WHAT THE TASK REQUIRES: Leave out the pictures and return every entry exactly as it appears.
INFORMATION SUPPLIED section start
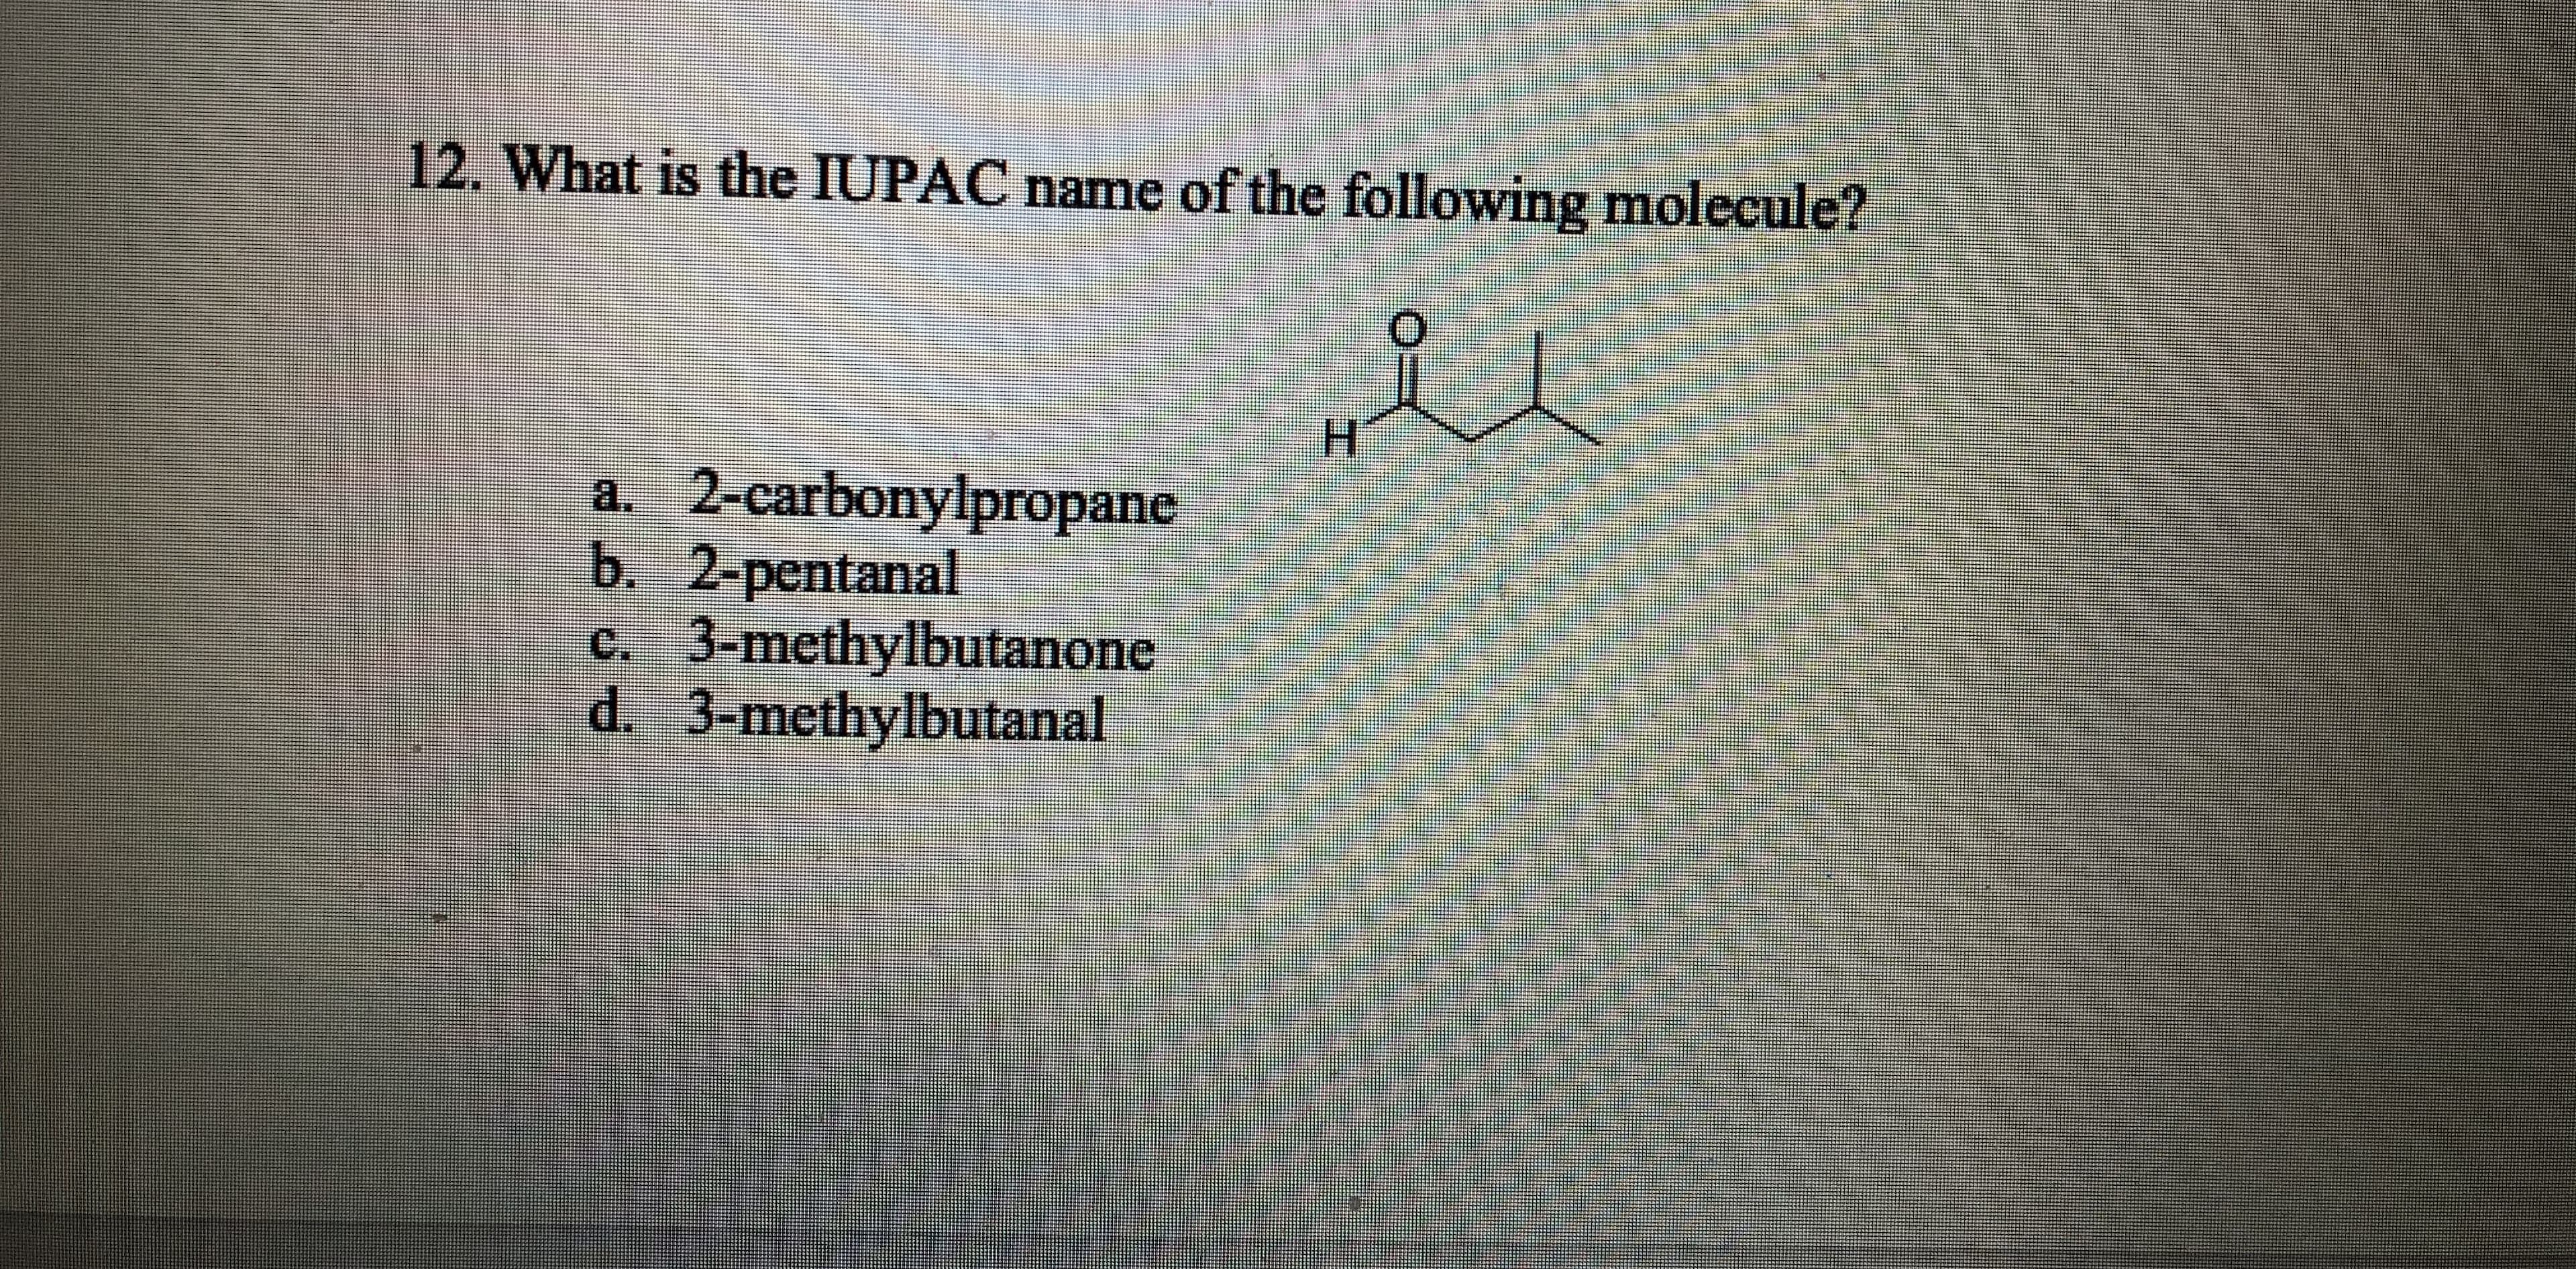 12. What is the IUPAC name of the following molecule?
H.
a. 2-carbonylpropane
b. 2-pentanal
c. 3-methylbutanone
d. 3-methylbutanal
INFORMATION SUPPLIED section end
YOUR RESPONSE:
 12. What is the IUPAC name of the following molecule?
H.
a. 2-carbonylpropane
b. 2-pentanal
c. 3-methylbutanone
d. 3-methylbutanal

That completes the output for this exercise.